**Given material**
****************************************

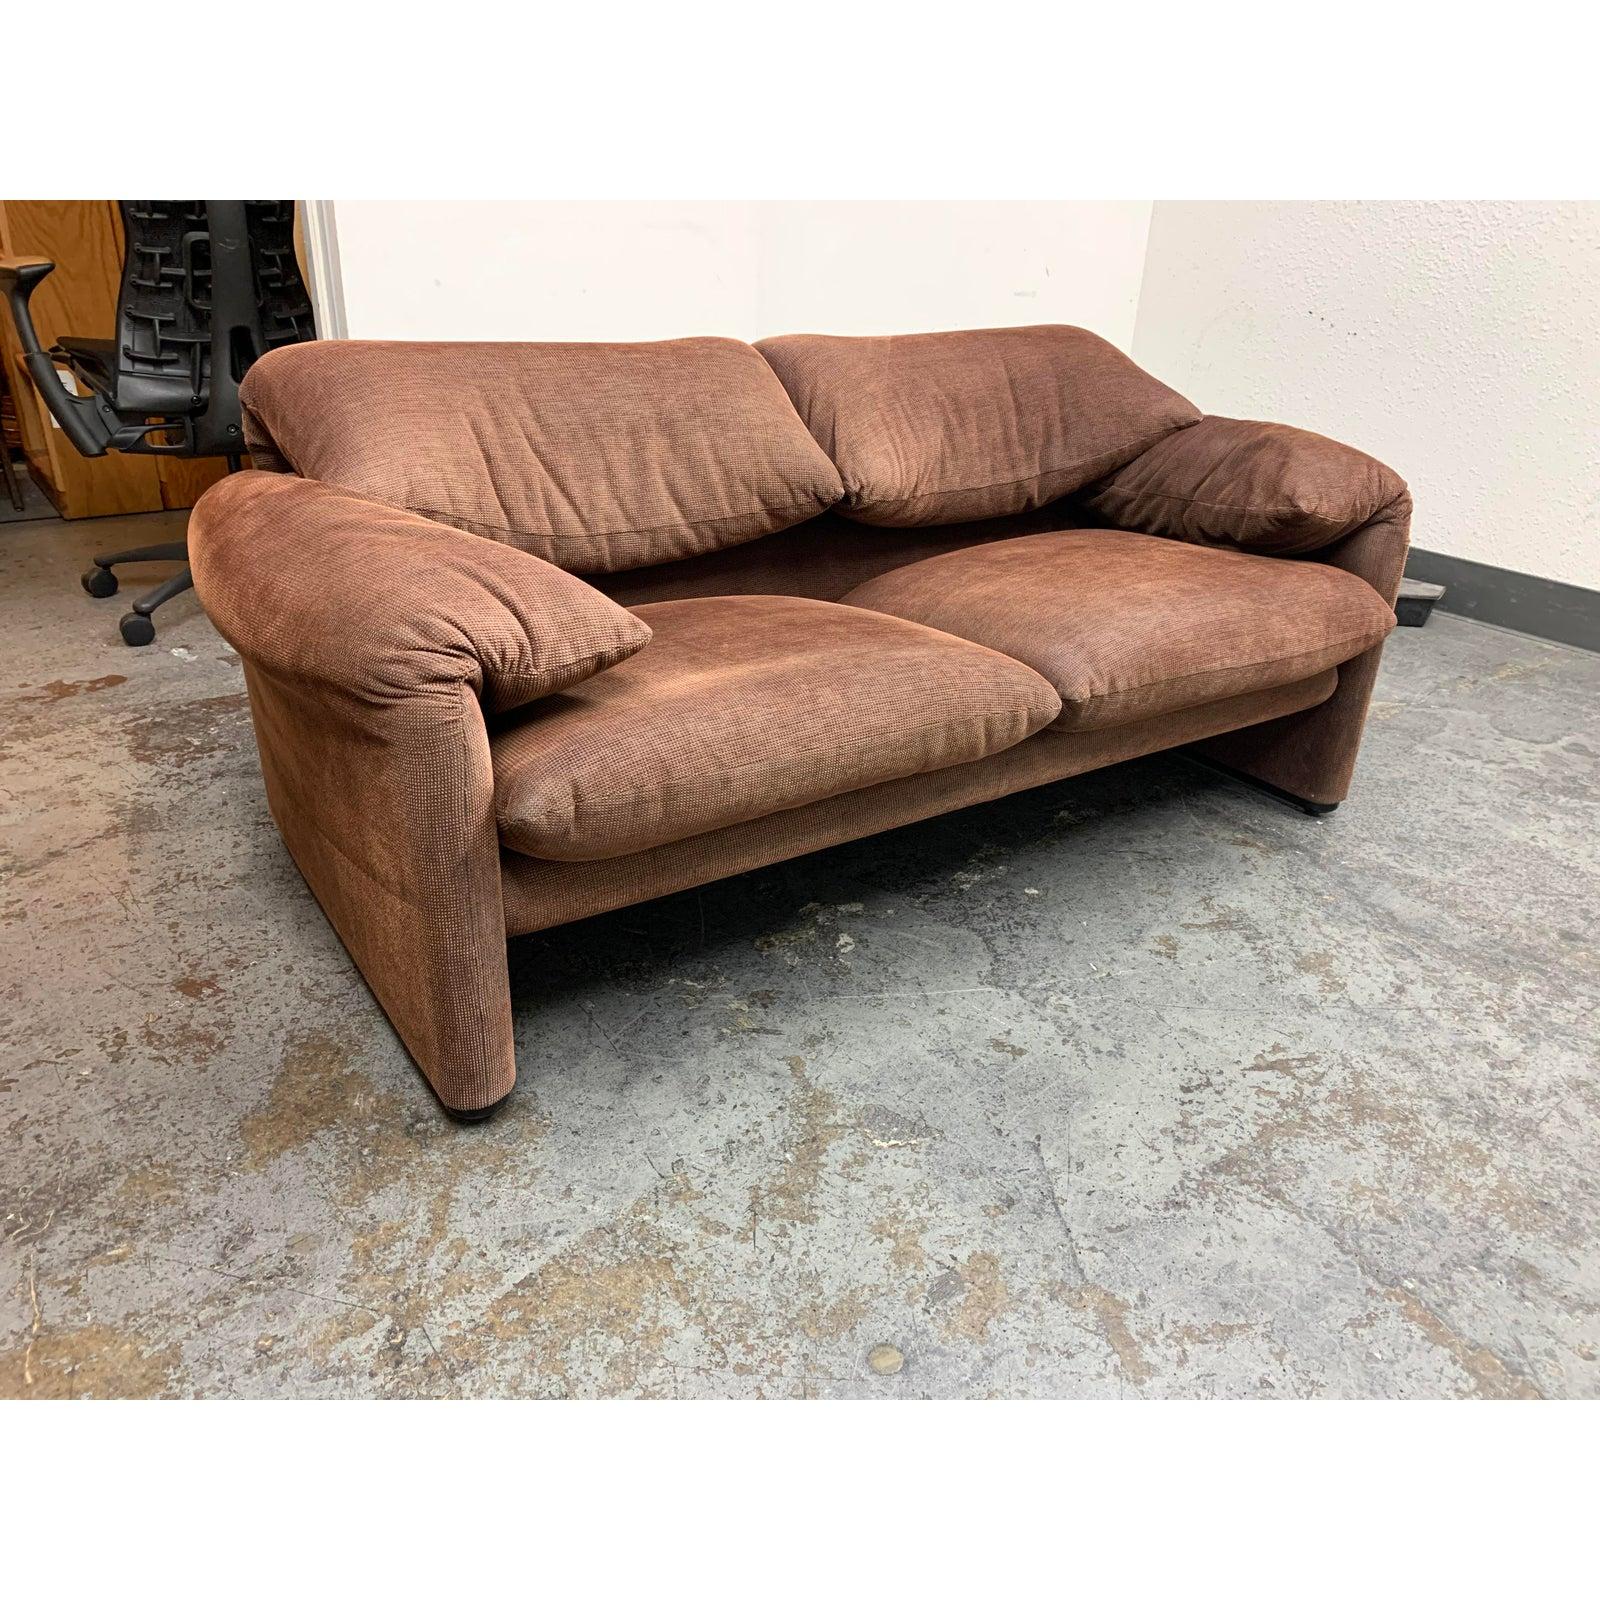 Presents a mid-20th century Maralunga loveseat by Cassina. Designed by by Vico Magistretti. Postmodern vibe combines top of the line Italian engineering for lounge worthy loveseat. Adjustable back and arms easily bend within upholstery. Fabric has
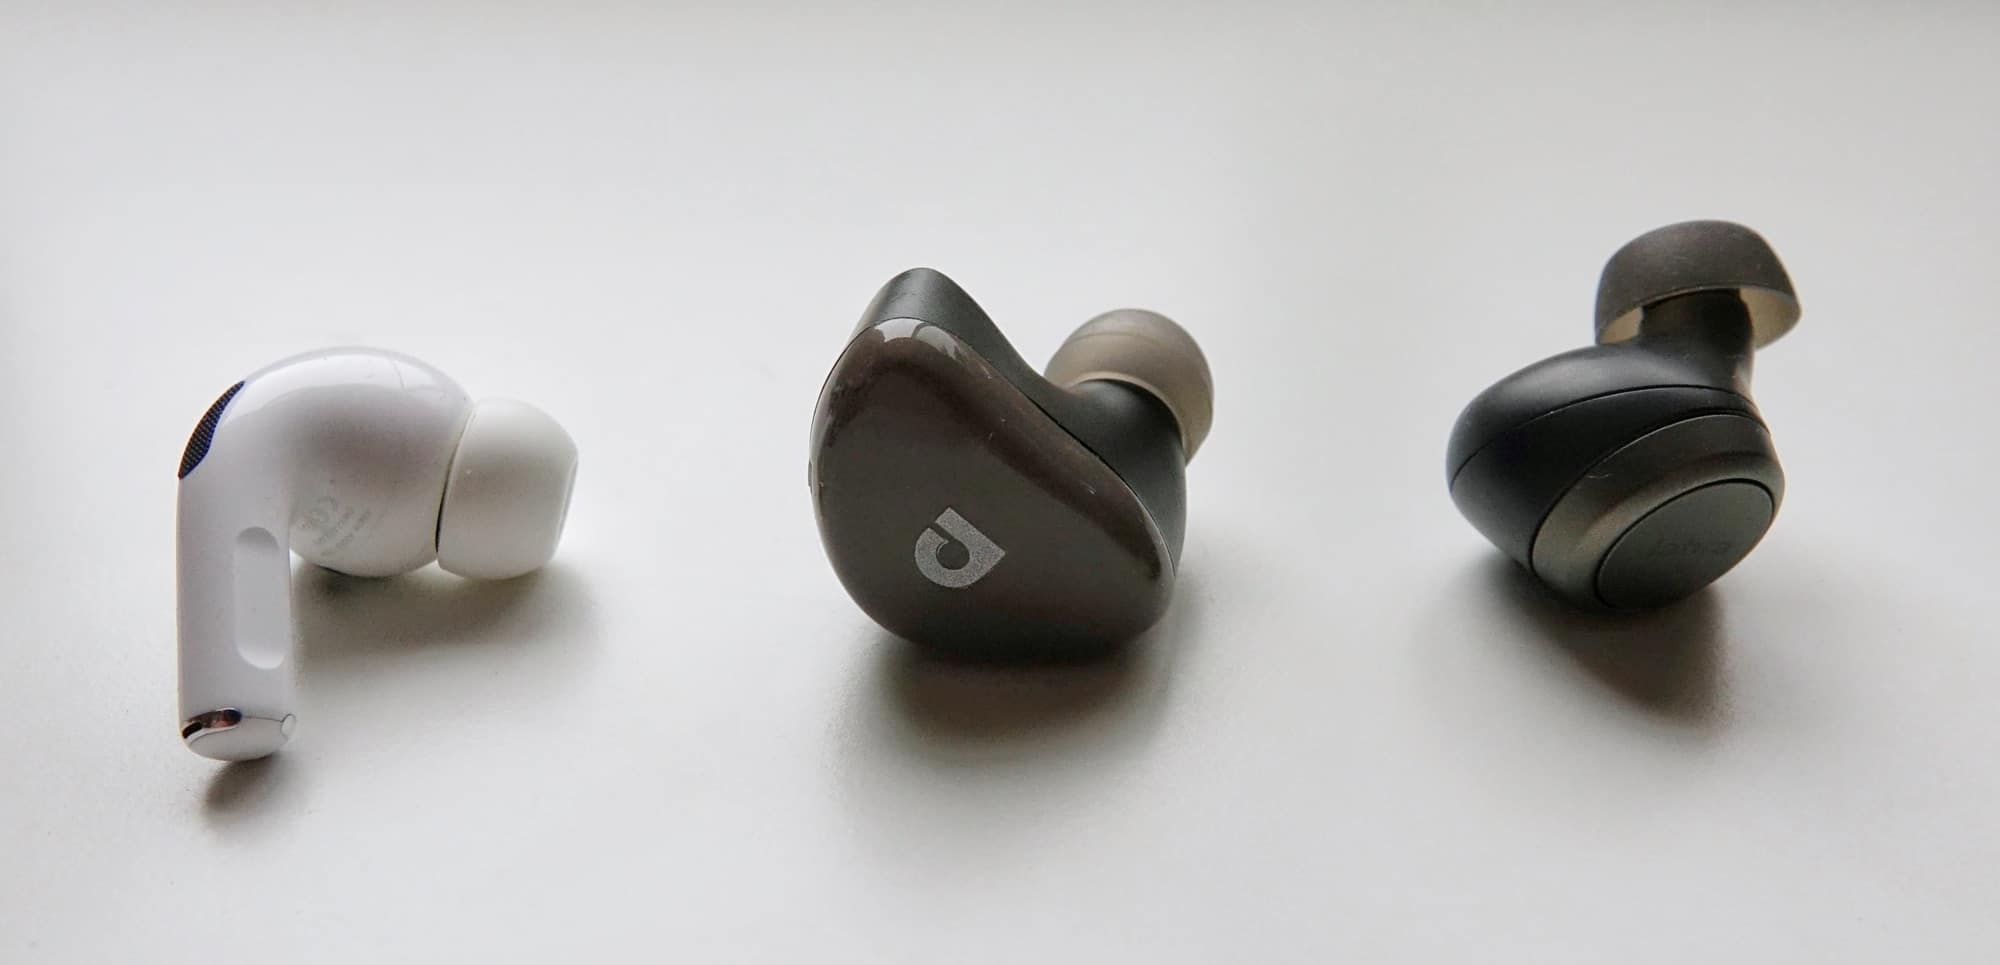 Comparing the size between the AirPods Pro (left), Audiofly AFT2 (middle), and Jabra Elite 75t (right).
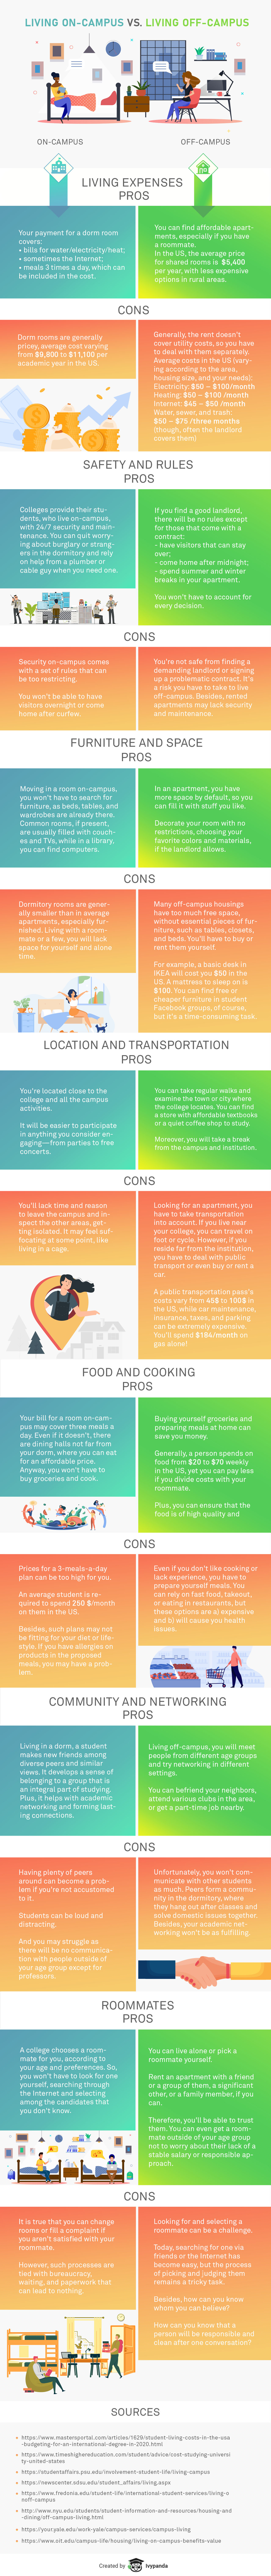 In this infographic, our experts prepared an illustrative comparison of the housing options. See whether living on-campus is more affordable and suitable for you than residing off-campus or not. Find out what challenges await you either way.

****************************************

**Exercise prompt**
Nothing but the pictures is to be left out; repeat the data exactly.

**Answer section**
 Presents a mid-20th century Maralunga loveseat by Cassina. Designed by by Vico Magistretti. Postmodern vibe combines top of the line Italian engineering for lounge worthy loveseat. Adjustable back and arms easily bend within upholstery. Fabric has
 Comparing the size between the AirPods Pro (left), Audiofly AFT2 (middle), and Jabra Elite 75t (right).
 In this infographic, our experts prepared an illustrative comparison of the housing options. See whether living on-campus is more affordable and suitable for you than residing off-campus or not. Find out what challenges await you either way.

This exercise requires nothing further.